Более того, как отмечают историки Германии, такие архитекторы Холокоста, как Гиммлер и Рудольф Хёсс, регулярно "подчеркивали, что уничтожение человеческих жизней - неприятная задача, которая противоречит их "гуманным" инстинктам. Но... неприятные действия были необходимы, и [именно] воля к их осуществлению вопреки чувству человеческой симпатии" сделала геноцид возможным. Перефразируя, можно сказать, что нацисты смогли совершить ужасающие зверства отчасти потому, что они смогли убедить себя преодолеть врожденное чувство сочувствия к своим жертвам. Аналогичные аргументы приводились и в отношении геноцида в Руанде. По крайней мере, трагическая история геноцидов, преследований за колдовство, процессов над ересями и гражданских войн демонстрирует, как быстро и жестоко люди могут ополчиться на своих соседей. Можно привести множество примеров, когда жертвы были видны и их страдания были зафиксированы, но их преследования, тем не менее, продолжались.

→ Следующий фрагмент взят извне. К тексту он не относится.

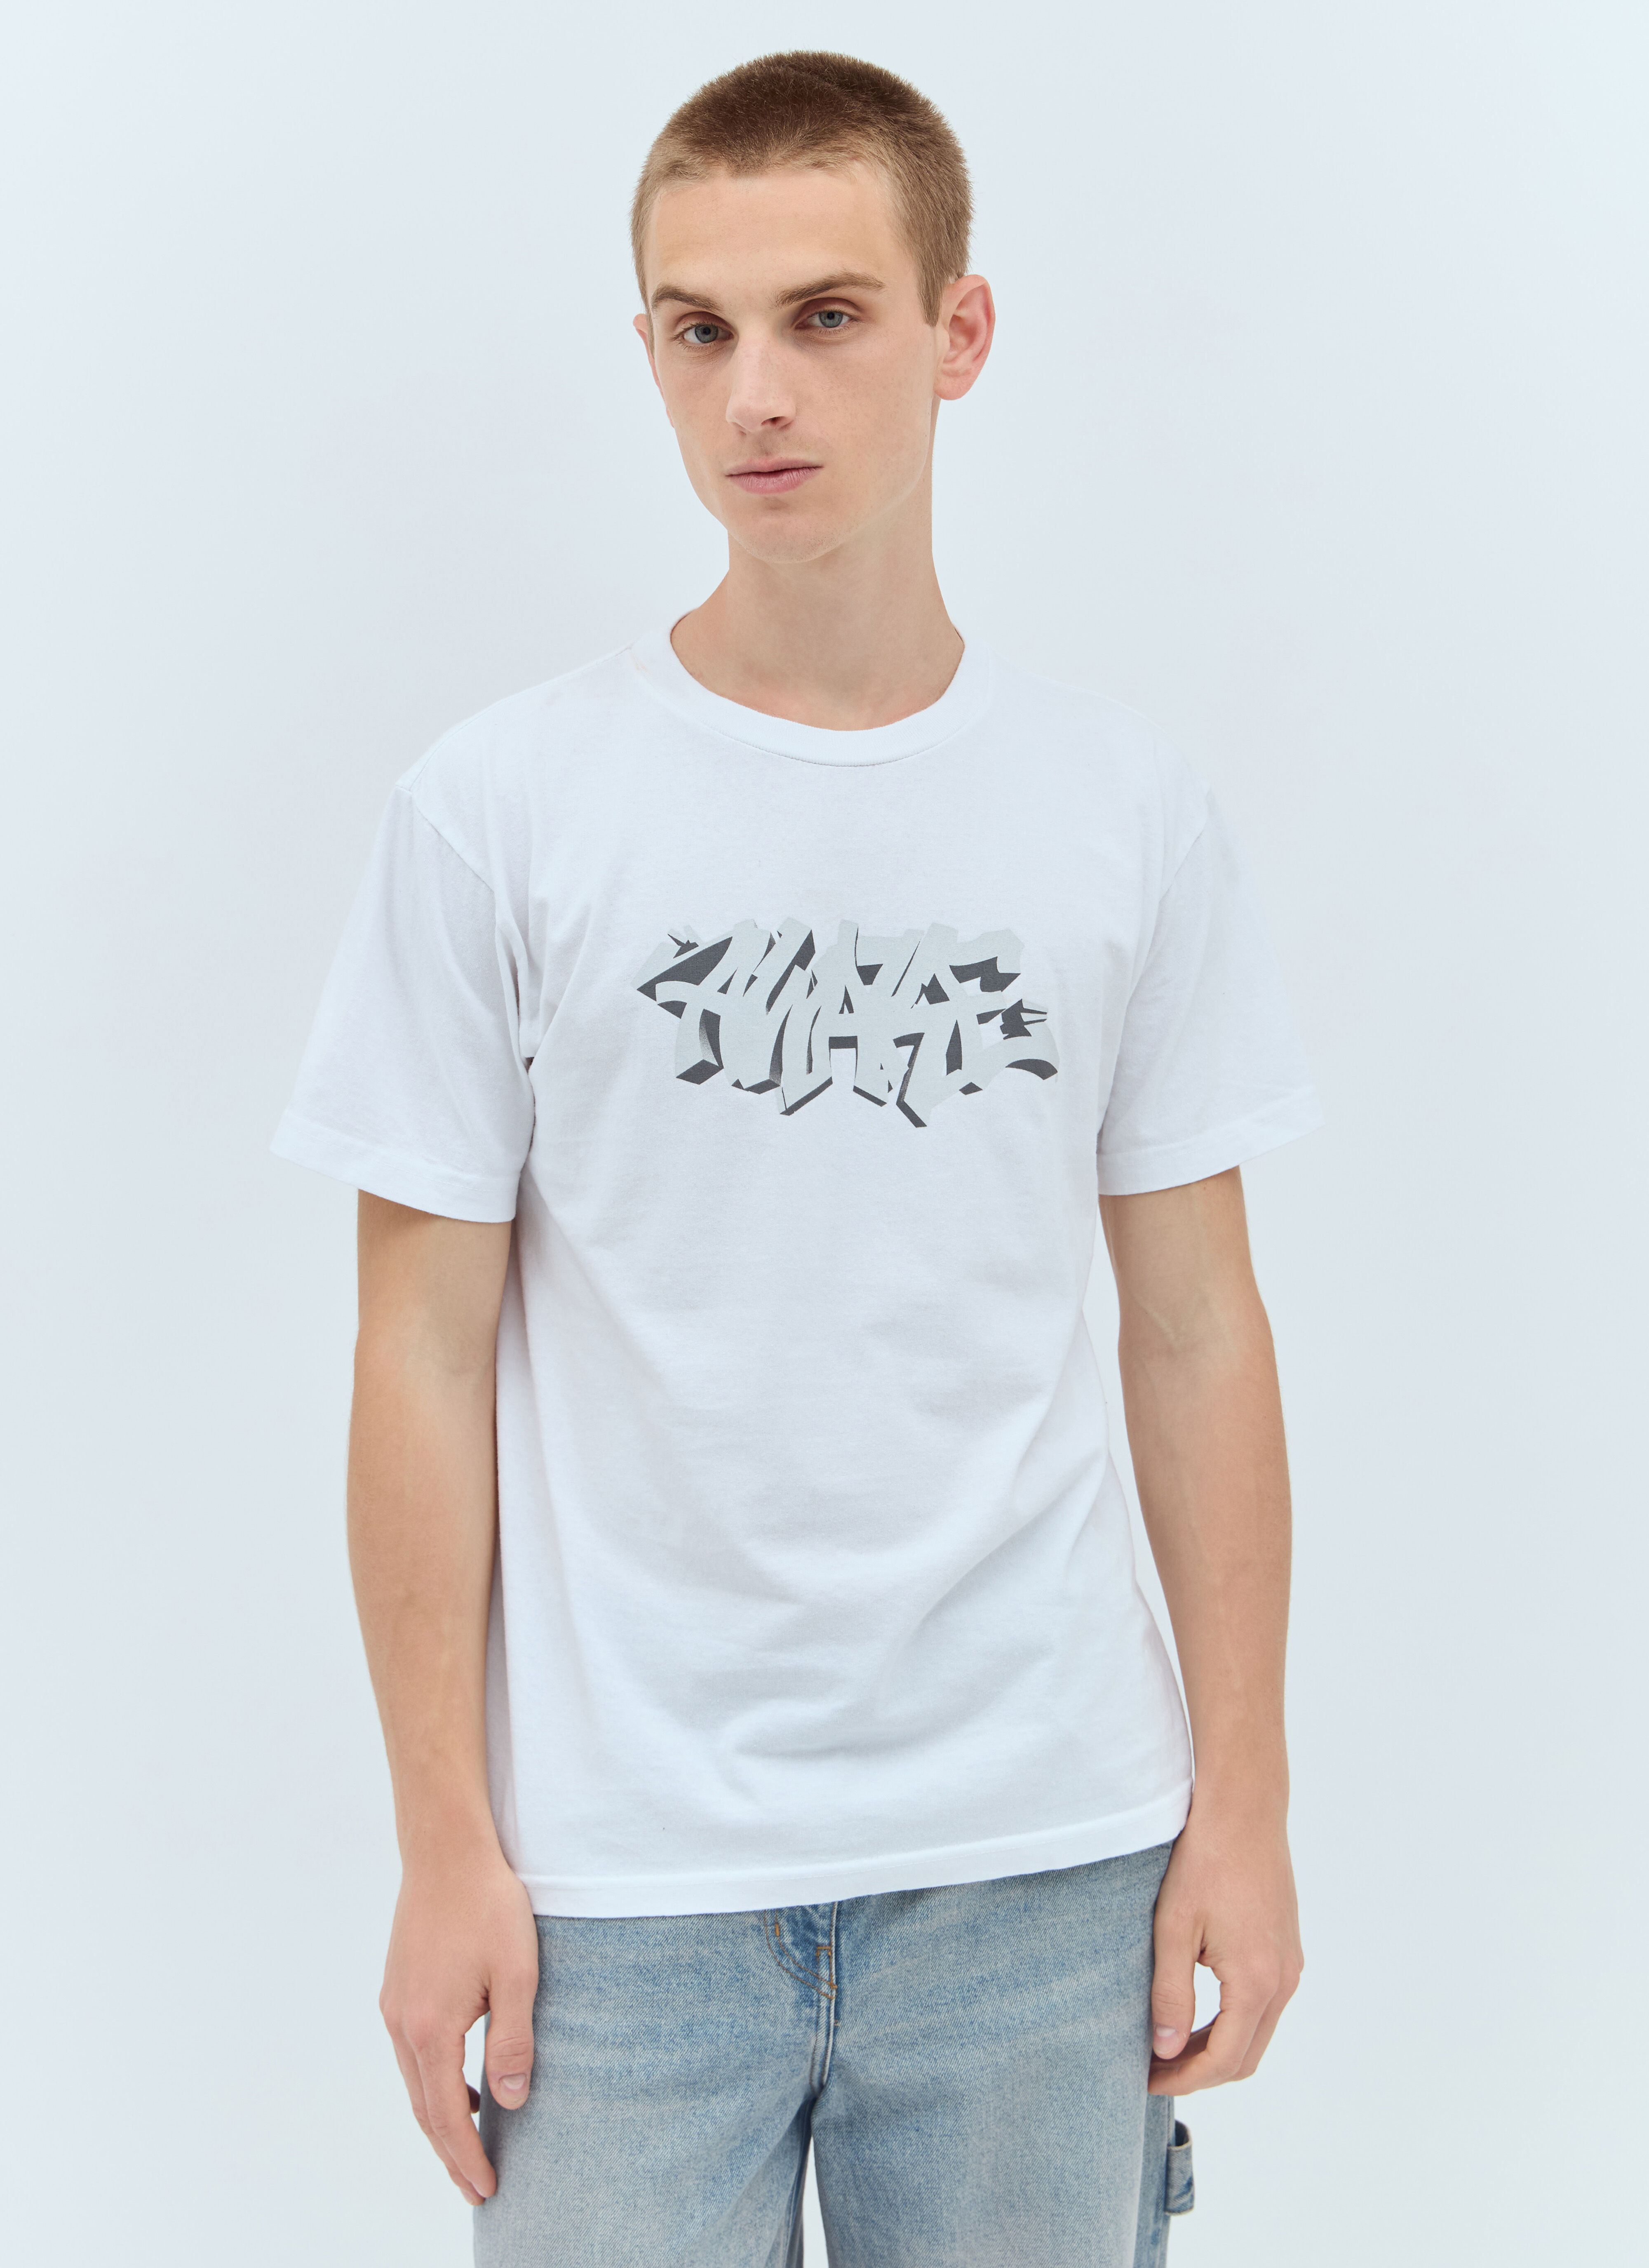 Vivienne Westwood Graffiti T-Shirt Multicolour vvw0157003

При этом, хотя сострадание не является чем-то невозможным, оно может быть очень трудным.
На личном уровне, как человек, который на собственном опыте испытал расистское физическое насилие, я знаю, что одна из самых трудных форм сострадания, которую можно мобилизовать, - это сострадание к тем, кто причинил нам вред. Сострадание - это не то же самое, что прощение. Сострадать угнетателю - это не значит игнорировать угнетение или даже не прилагать усилий для его преодоления; скорее, это значит признать, что угнетение берет начало в поврежденных состояниях сознания, таких как жадность, ненависть и невежество. Сострадание в этом контексте означает работу по преодолению системной несправедливости без ненависти к людям; оно означает работу по просвещению невежественных и поиску примирения. Мы можем ненавидеть расизм, но не расистов, над воспитанием и преобразованием которых мы должны работать. Это более трудный путь, чем простое отвращение к своим угнетателям и их отторжение. Поэтому мы должны брать пример с таких деятелей, как Нельсон Мандела, который сказал: "Наше человеческое сострадание связывает нас друг с другом - не в жалости или покровительстве, а как людей, которые научились превращать наши общие страдания в надежду на будущее". Более того, по причинам, указанным выше, я считаю, что нам необходимо сострадание не только к нашим собратьям, но и ко всем живым существам. Нам необходимо осознать, насколько сильно ординарная деятельность опирается на деградацию окружающей среды, а также на эксплуатацию и жестокость по отношению к нашим собратьям - нечеловеческим животным.